Both Justice Kagan and Justice Ginsburg asked a number of questions about the feasibility of arbitration, and in particular whether multiple plaintiffs could share the costs of pursuing claims (such as the fees charged by an expert witness) under American Express's arbitration agreement.  The plaintiffs had contended that a confidentiality requirement in the agreement precluded such cost-sharing—and indeed, conceded in their merits brief that if cost-sharing were available, they would be prepared to pursue arbitration of their claims.

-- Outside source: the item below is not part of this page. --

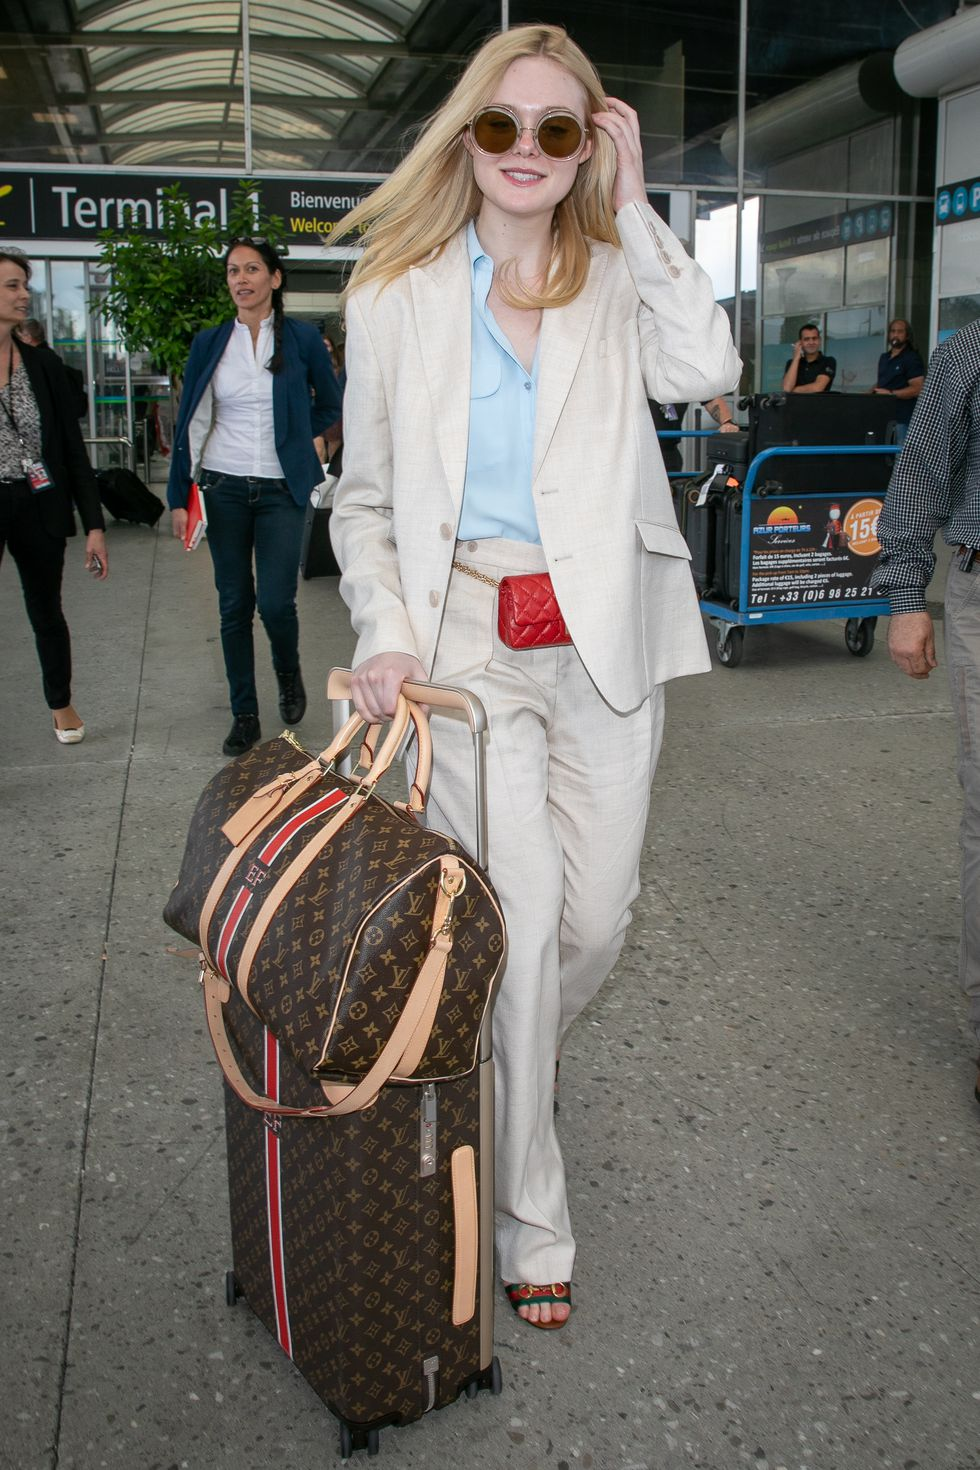 Elle Fanning trong bộ suit linen trắng tại đáp sân bay đến Cannes

American Express argued that the confidentiality requirement imposed no limits on cost-sharing.  In response to a question by Chief Justice Roberts, its counsel stated unequivocally:  "Our position is that multiple claimants in arbitration could share the costs of an expert for preparation of a report."  And the Chief Justice, in turn, asked Clement (plaintiffs' counsel) a number of questions about why the plaintiffs (merchants who accept American Express cards) could not do so, expressing skepticism towards Clement's argument that the confidentiality provision would in fact restrict merchants from jointly obtaining an expert report and making use of it in a series of arbitrations.

In short, it seems likely to me likely—at least based on the argument—that the Second Circuit's holding will be rejected for three reasons:  (1) the weight of Concepcion's interpretation of the FAA; (2) the severe practical difficulties with the Second Circuit's "effective vindication" test, which would require assessing the merits of a plaintiffs' claims and the likelihood of class certification at the very outset of a case; and (3) the plaintiffs' concession that if cost-sharing were available, they can feasibly vindicate their claims in individual arbitration.